DATASET SECTION:
##########

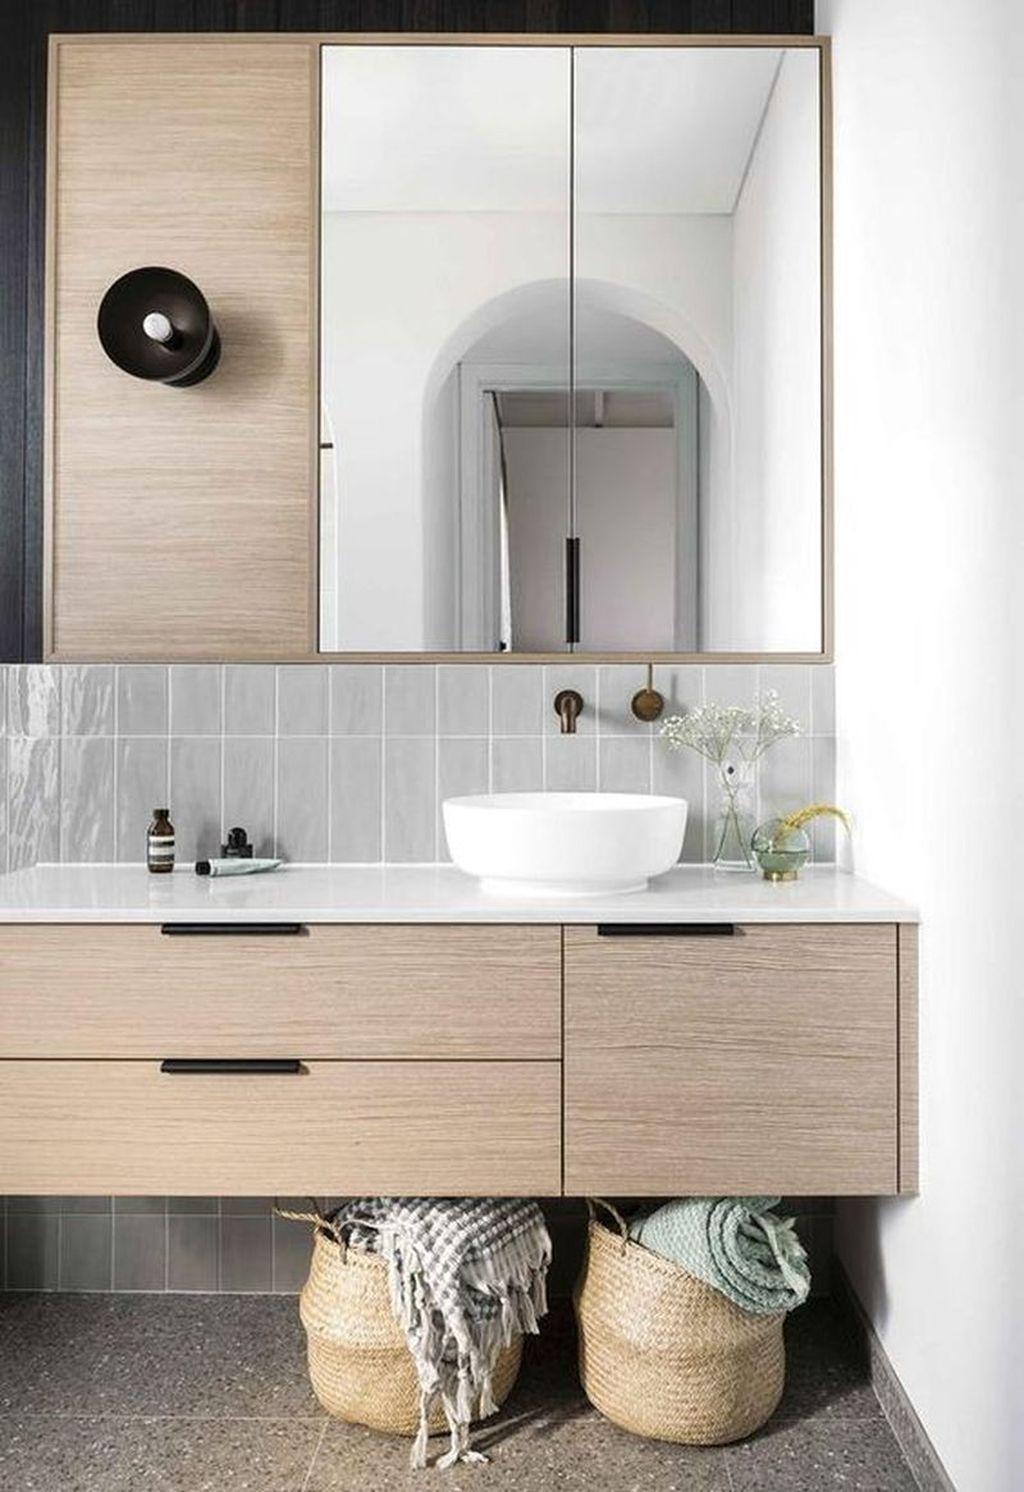 33+ Modern Bathroom Storage Ideas Gif
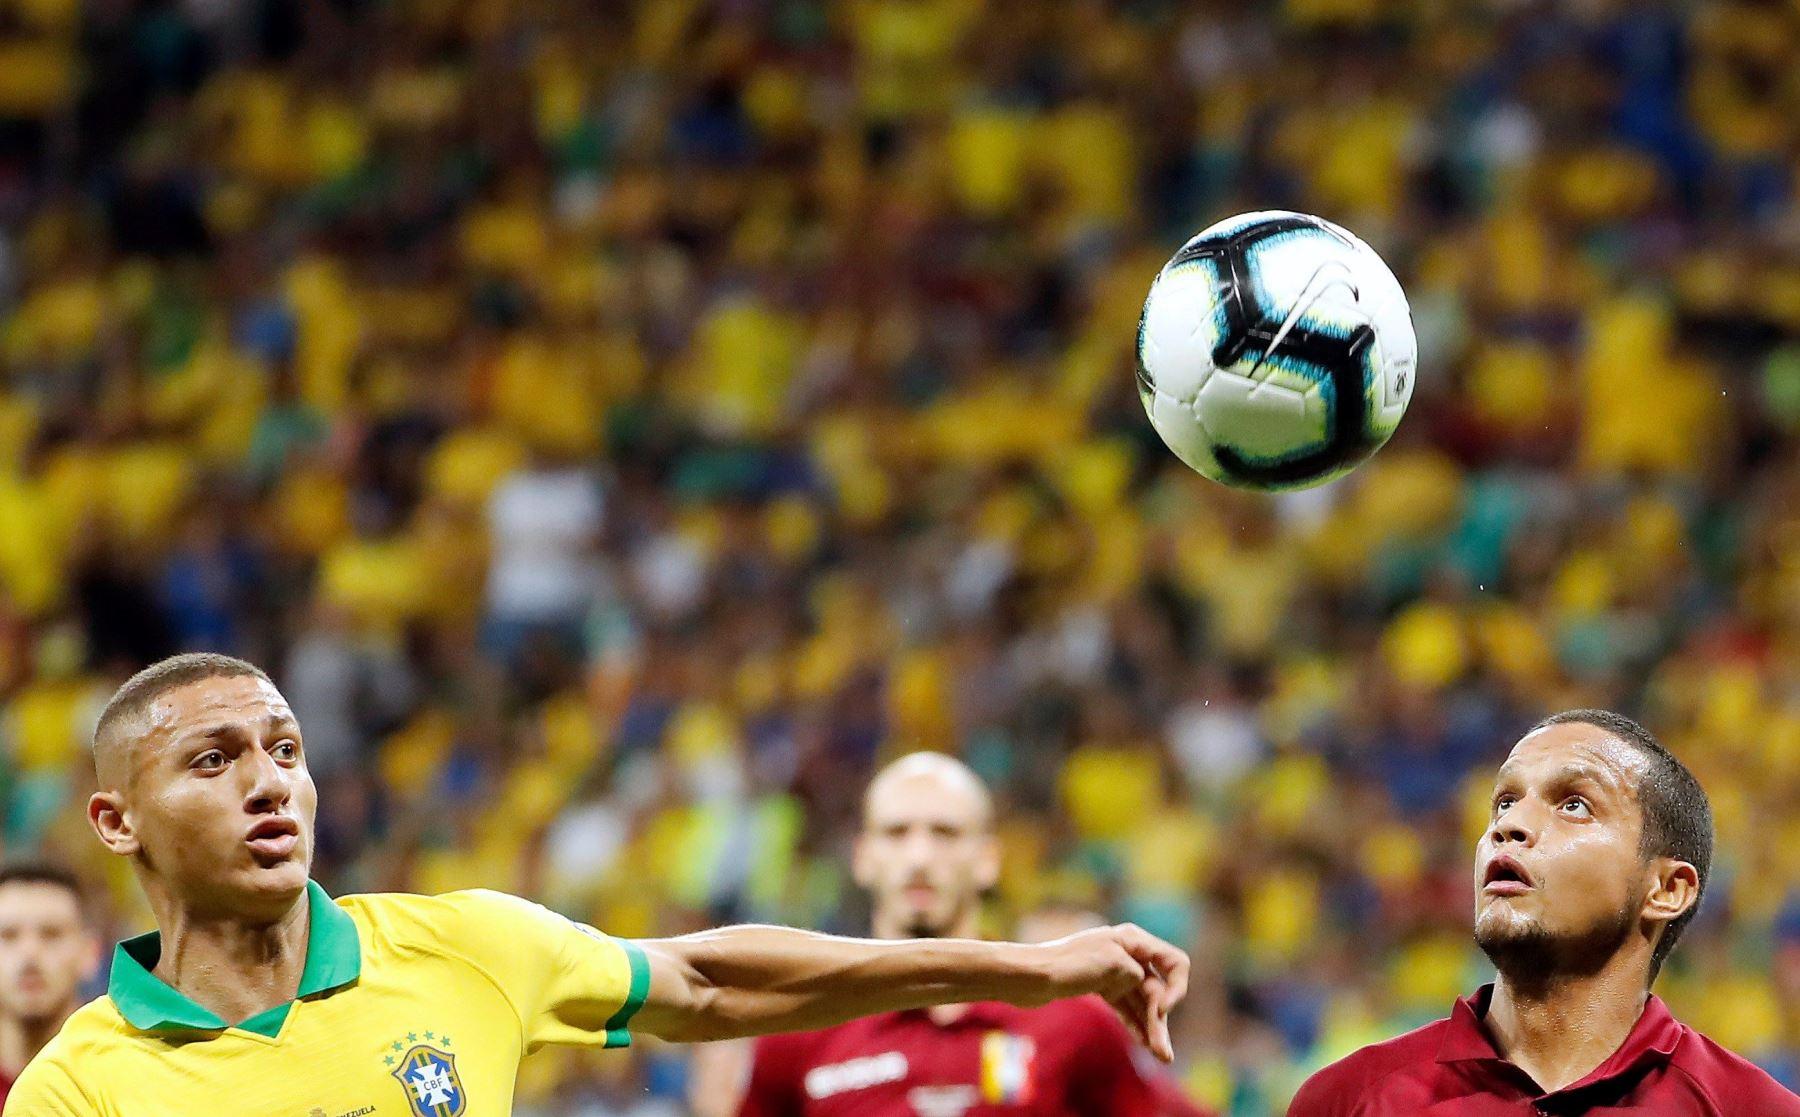 El jugador de Brasil Richarlison (i) disputa el balón con Roberto Rosales de Venezuela , durante el partido Brasil-Venezuela del Grupo A de la Copa América de Fútbol 2019. Foto: EFE
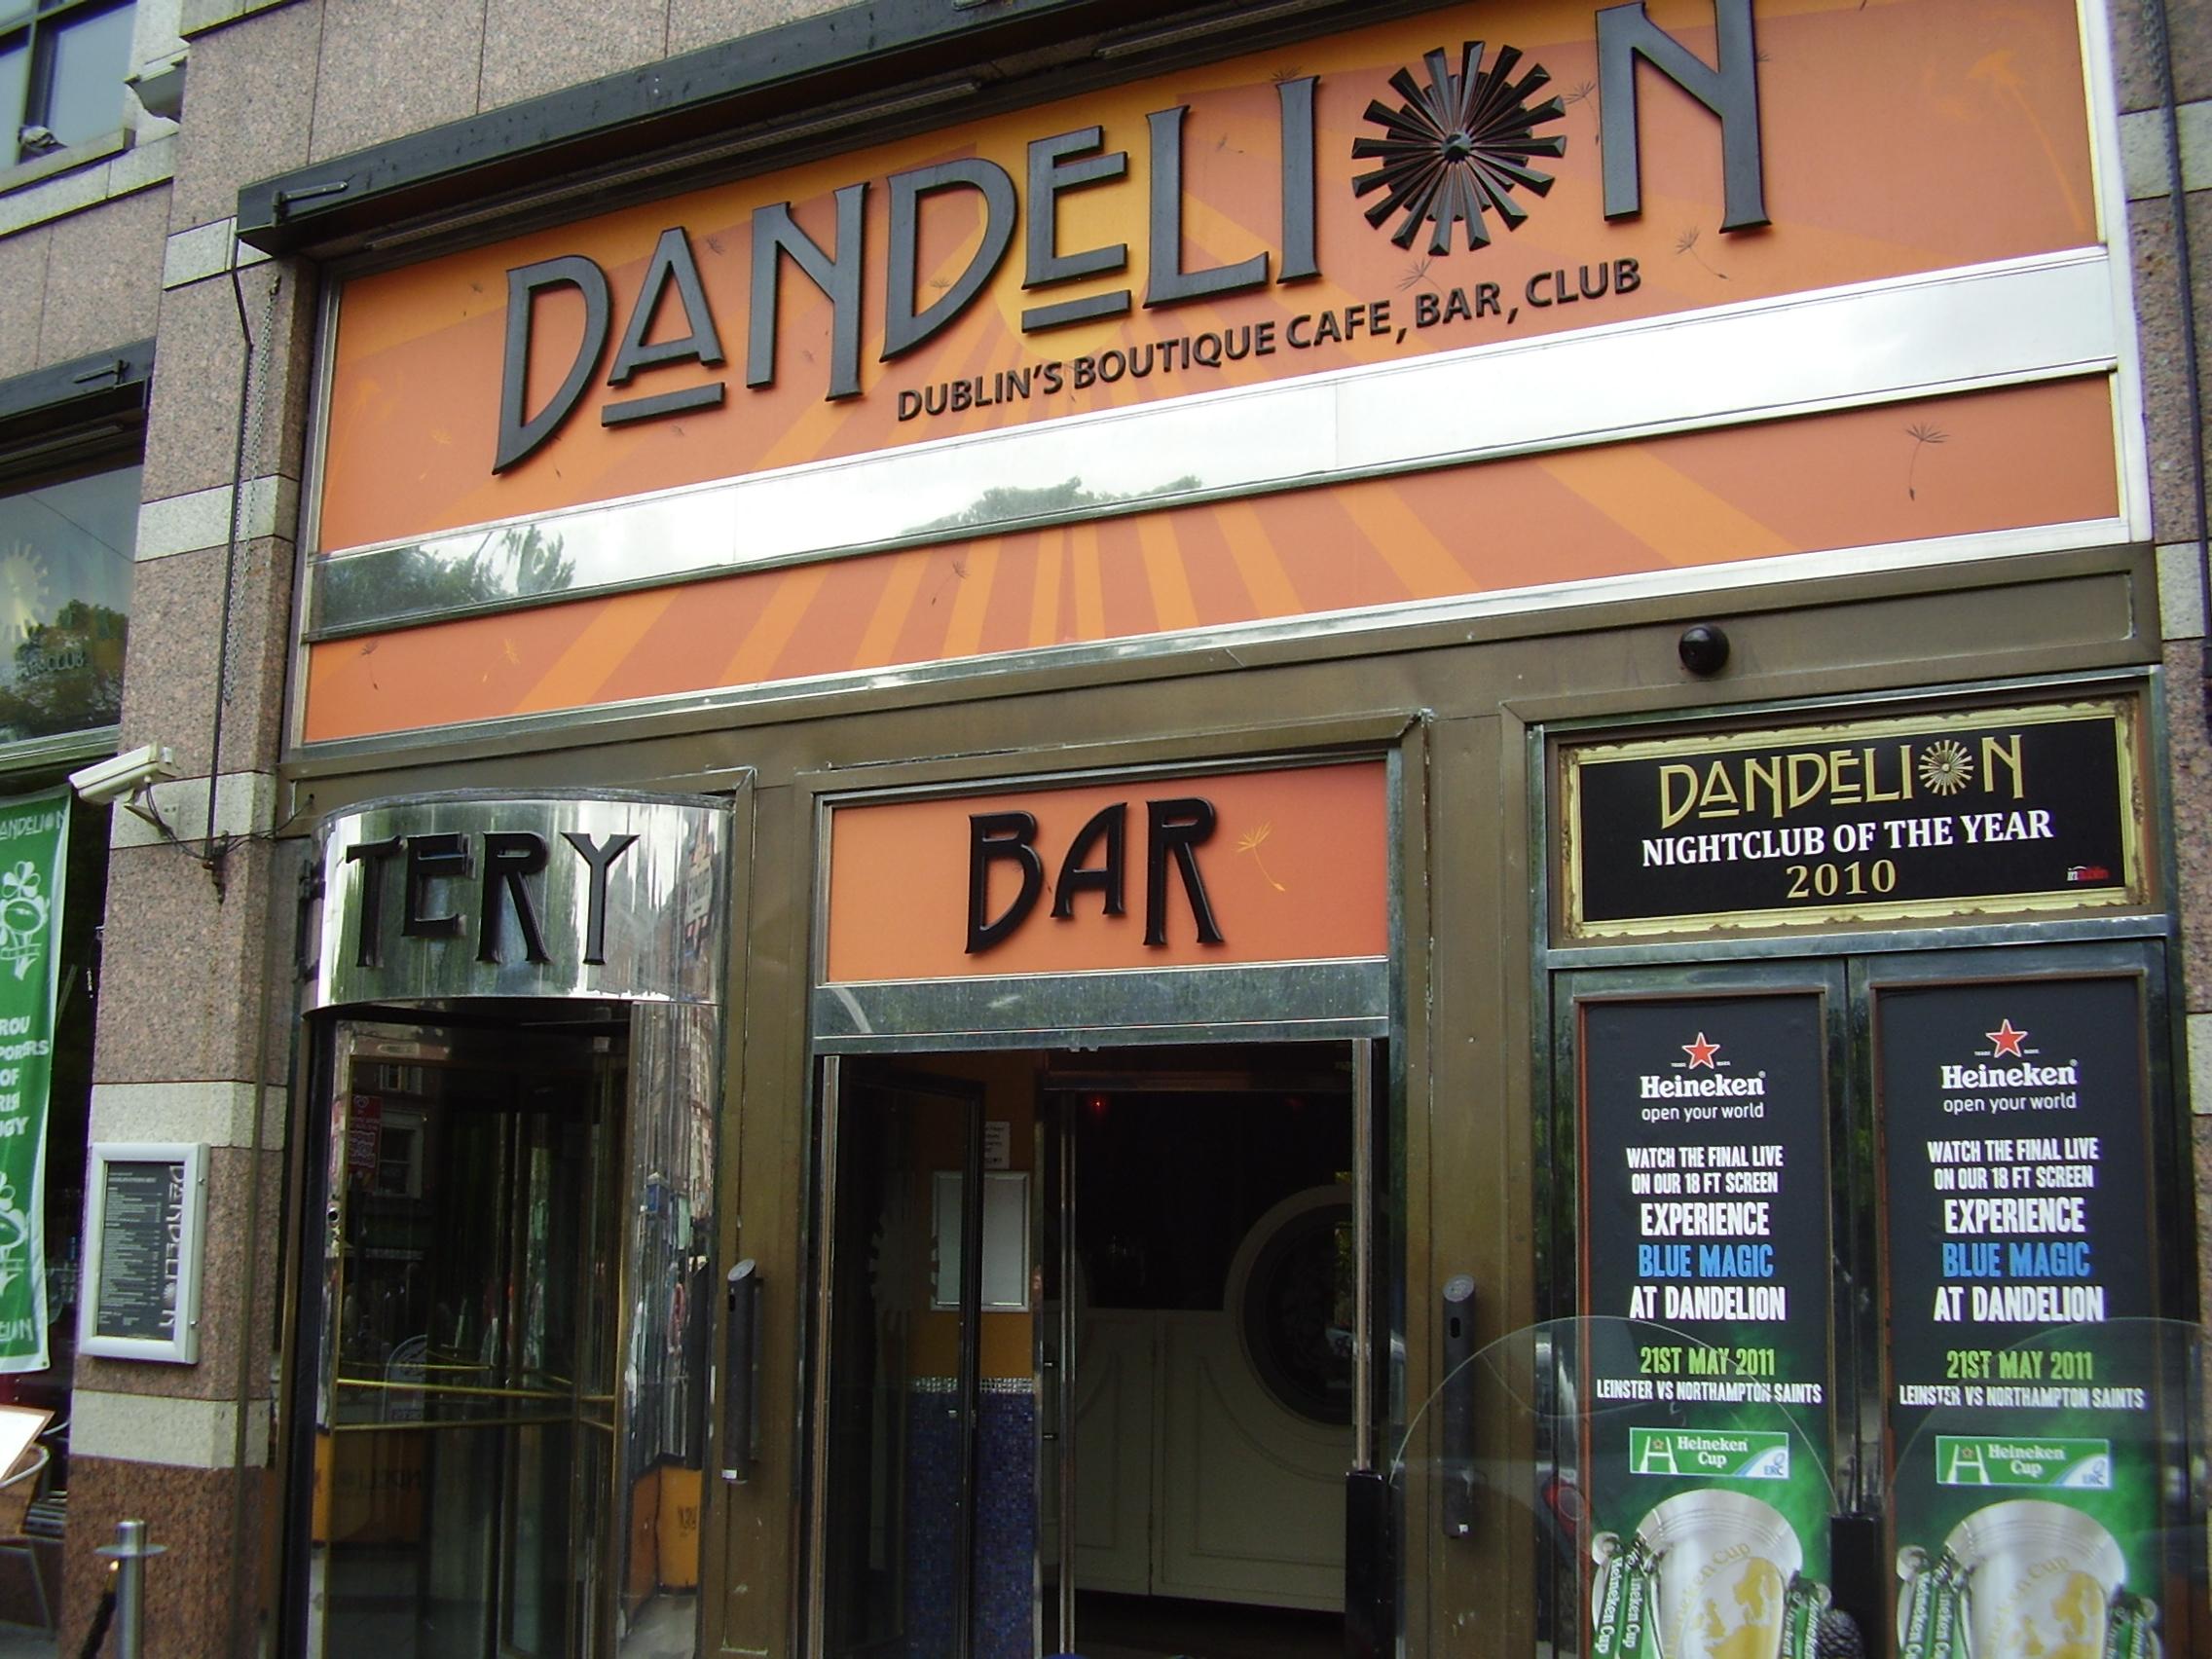 Speed dating dublin dandelion restaurant

##########

ACTIVITY: Omit the pictures and reproduce the listing exactly.

EXERCISE OUTPUT:
 33+ Modern Bathroom Storage Ideas Gif
 El jugador de Brasil Richarlison (i) disputa el balón con Roberto Rosales de Venezuela , durante el partido Brasil-Venezuela del Grupo A de la Copa América de Fútbol 2019. Foto: EFE
 Speed dating dublin dandelion restaurant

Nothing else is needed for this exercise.